# Tiger Direct - Ship to UK



## Kornowski

It looks as if Tiger Direct ship to the UK, is this right?

I could get an XFX 8800 640MB for just £170!


----------



## Ben

Hm. I guess they do then. I never noticed the country option at the bottom of the page. Thats cool.

Link for everyone else...

http://www.misco.co.uk/indexuk.asp?


----------



## Kornowski

In the shipping screen, when you have an item in your basket, you can select where to ship to...

Misco, where did you get the link to that? I've seen them before, but TD is still cheaper?


----------



## apj101

by the time you factor in shipping you wont make a saving, not generally


----------



## Kornowski

That's true, I don't know how much it'd be...

Hmm, I have a friend in the US, I may get him to order sometime off NewEgg and then ship it to me, how much is shipping do you think?


----------



## apj101

the prices arent much different, even if shipping was moderate you still wont make much saving


----------



## Ben

Kornowski said:


> In the shipping screen, when you have an item in your basket, you can select where to ship to...
> 
> Misco, where did you get the link to that? I've seen them before, but TD is still cheaper?



Go to tigerdirect.com....






scroll down to the bottom of the page....






you should see that little box.






open it, and select your country


----------



## Kornowski

Ah right, Thanks for that, lol


----------



## Ben

Kornowski said:


> Ah right, Thanks for that, lol



Hehe. I have too much time on my hands. I need to do school eventually. ugh.

What do you want to order anyways? Just an 8800?


----------



## Kornowski

I was thinking sometime in the future, an 8800 640MB and a new modular PSU, but pretty soon, probably Vista and 2GB more RAM.


----------



## jimmymac

Apj is right though, once shipping is addded theres very little saving, dont forget it will be taxed on entry to this country too so you need to add even more. You could easily end up finding it more expensive in the end


----------



## Kornowski

Yeah, that's true... Bummer!


----------



## 4NGU$

plus you can end up with import tax too that would up the cost

you recon you could work something out with jon ?


----------



## Kornowski

I don't know, that's what I was thinking...


----------



## daisymtc

apj101 said:


> the prices arent much different, even if shipping was moderate you still wont make much saving



Wrong! UK Gov. have 17.5% VAT on top of everything! So it will solely depends of what is the value of goods he is buying. However, shipping from US will lose the warranty.

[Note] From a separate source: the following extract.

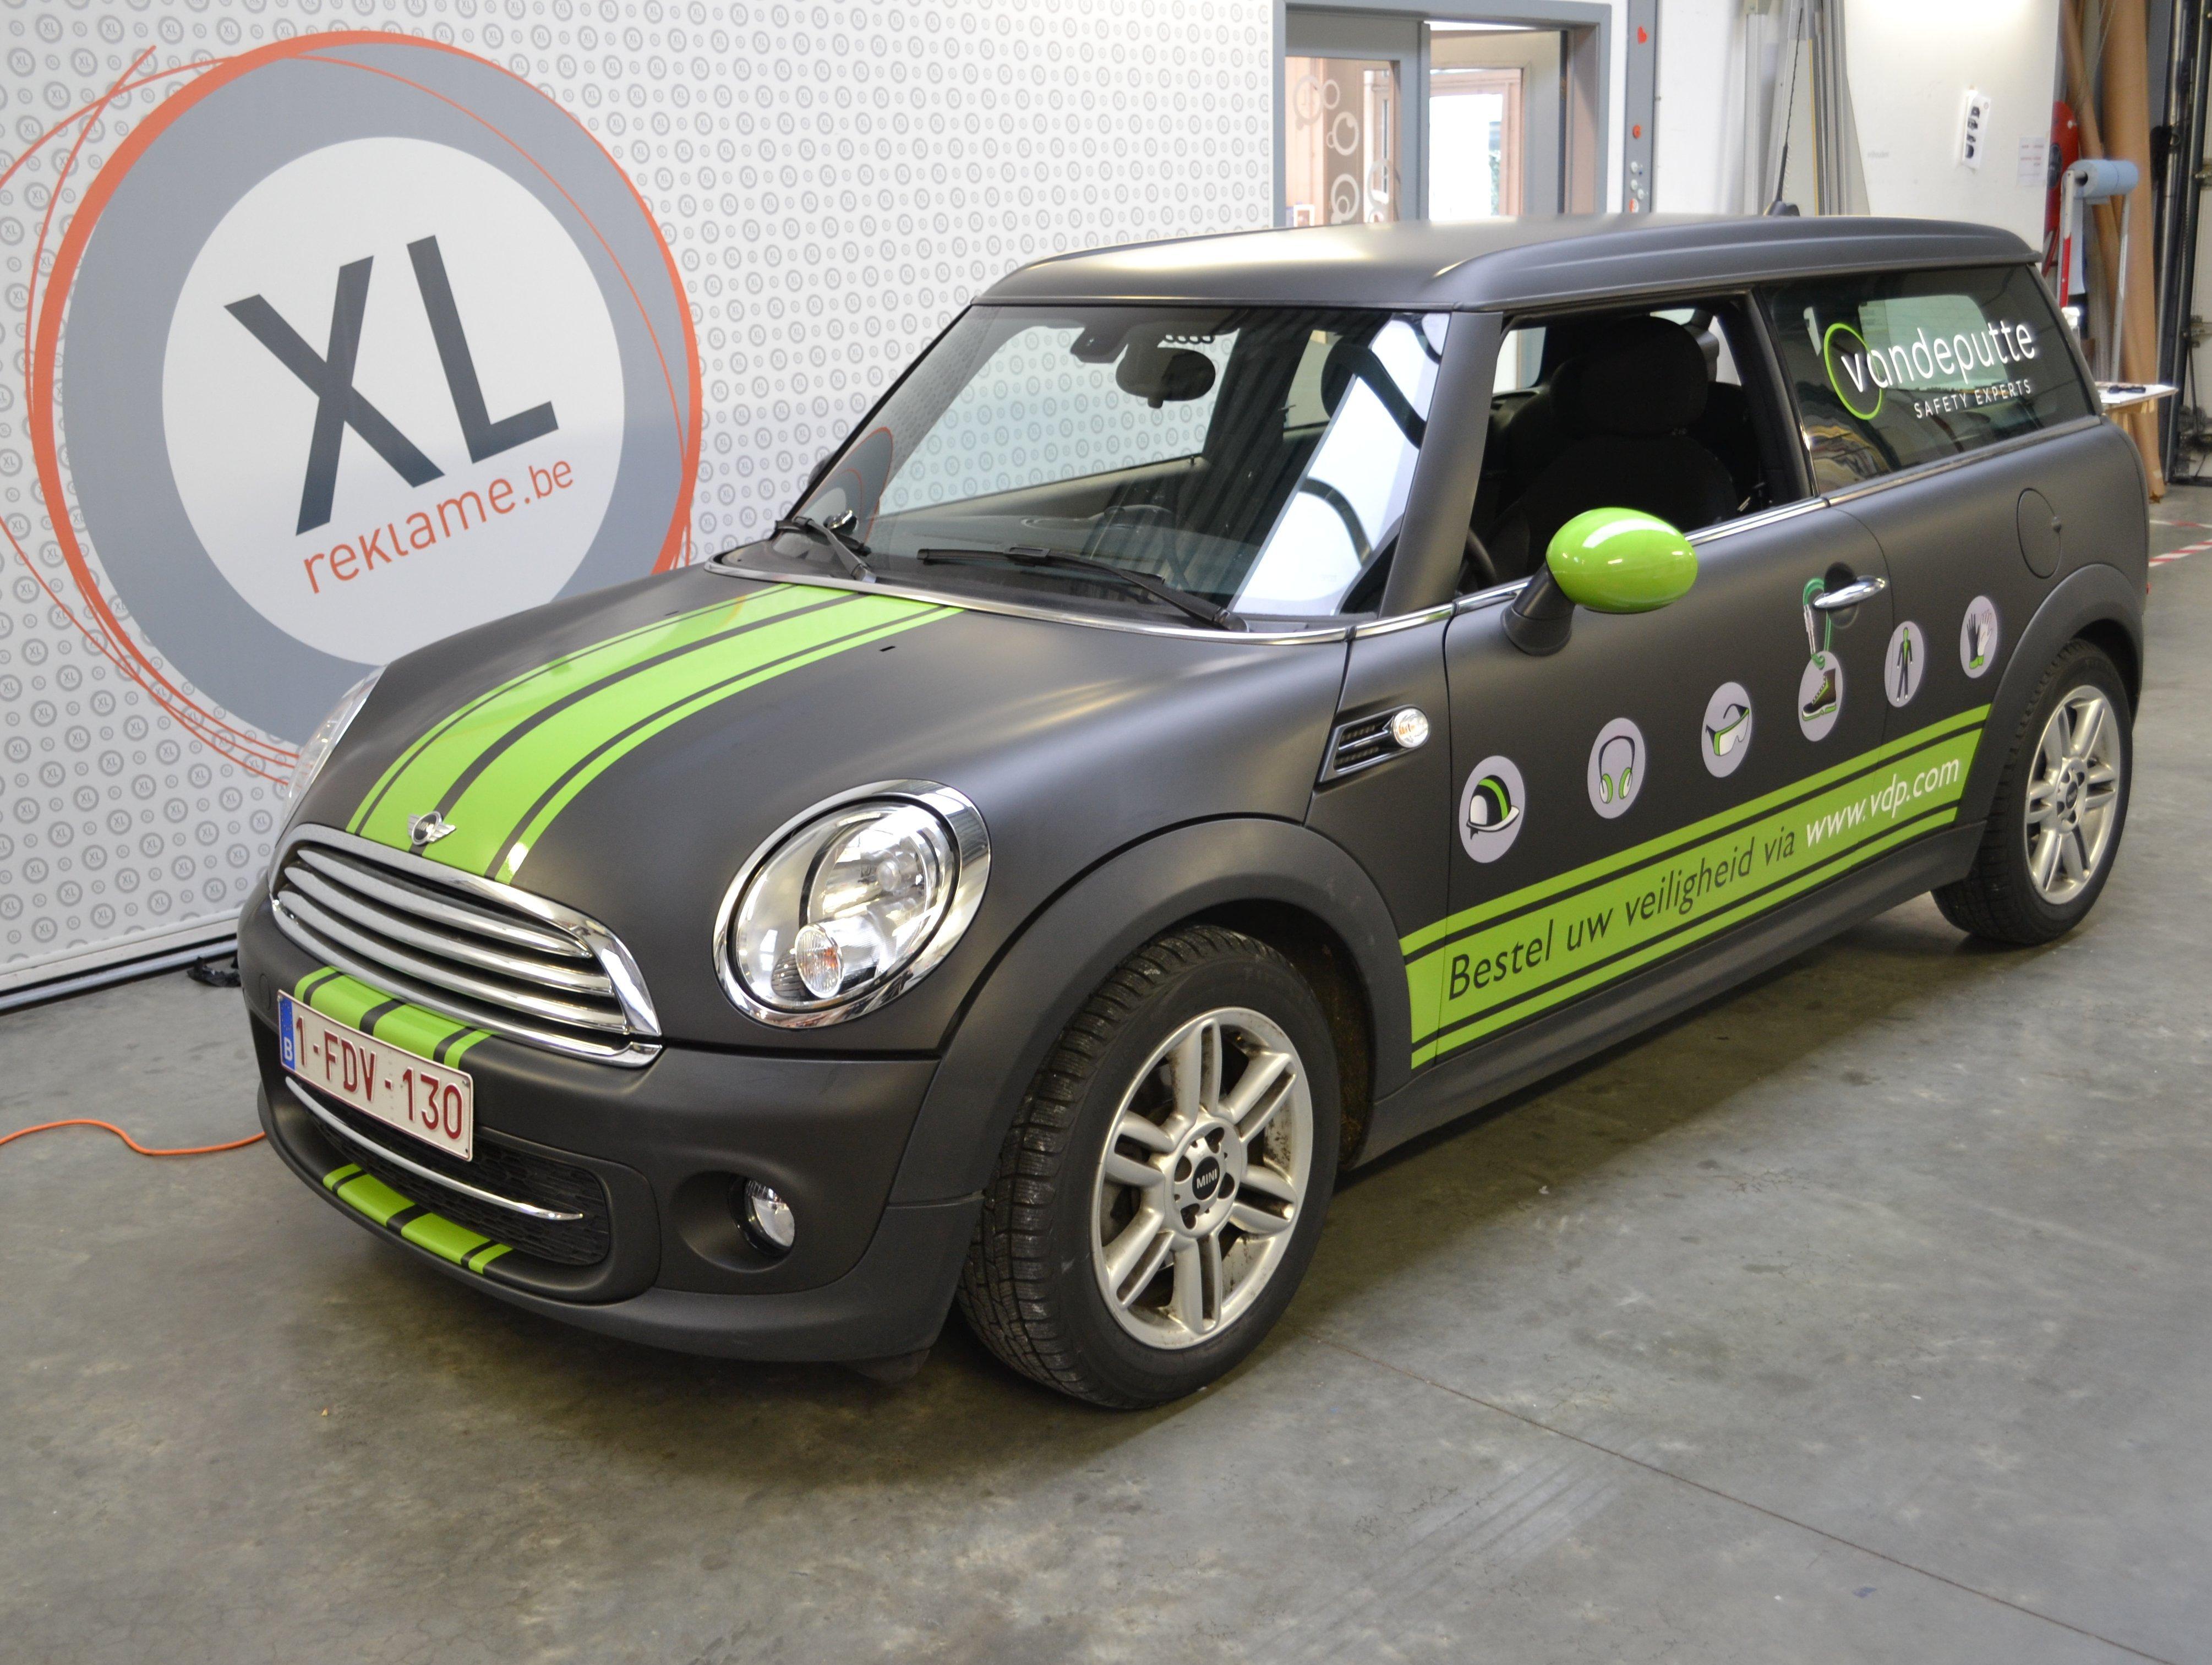 Autobelettering - Wagenpark

P.S. if one want to ship this PC component, I suggest claim it as 'Sample' or 'Gift' on the parcel.


----------



## taylormsj

Kornowski if i were you id buy VISTA first and then monitor how much ram you use doing what you do, because you will probably find that another 2 gb will be a waste.

Sorry to thread jack

Also i just ordered from america and had to pay £11.95 custom charges


----------



## elmarcorulz

Look for a website from somehwere in the EU. They're usually cheaper then over here still, the shipping is only a few pounds more, and there's no tax to pay on top.


----------



## Kornowski

Yeah, Thanks taylormsj, I'd do that, no sense rushing into it is there...

elmarcorulz, do you have a link to any web-sites please?


----------



## elmarcorulz

No, not actual websites. Loo on foreign ebays, like www.ebay.de. There's a E6600 on there for £103


----------



## Kornowski

Just took a look, there's an 8800GTS 640MB for 330 Euros, which is around £220, it was more expensive...


----------



## taylormsj

Any reason your going for a 640 Mb, your monitor isnt that big isit?


----------



## Kornowski

I just figured with DX10 and such, going for more memory would help...


----------



## Kornowski

No?


----------



## Shane

Kornowski said:


> I just figured with DX10 and such, going for more memory would help...



i would have thought so like with bigger maps in games etc then more Vram would help out alot.


----------



## Kornowski

Yeah, that's what I was thinking?


----------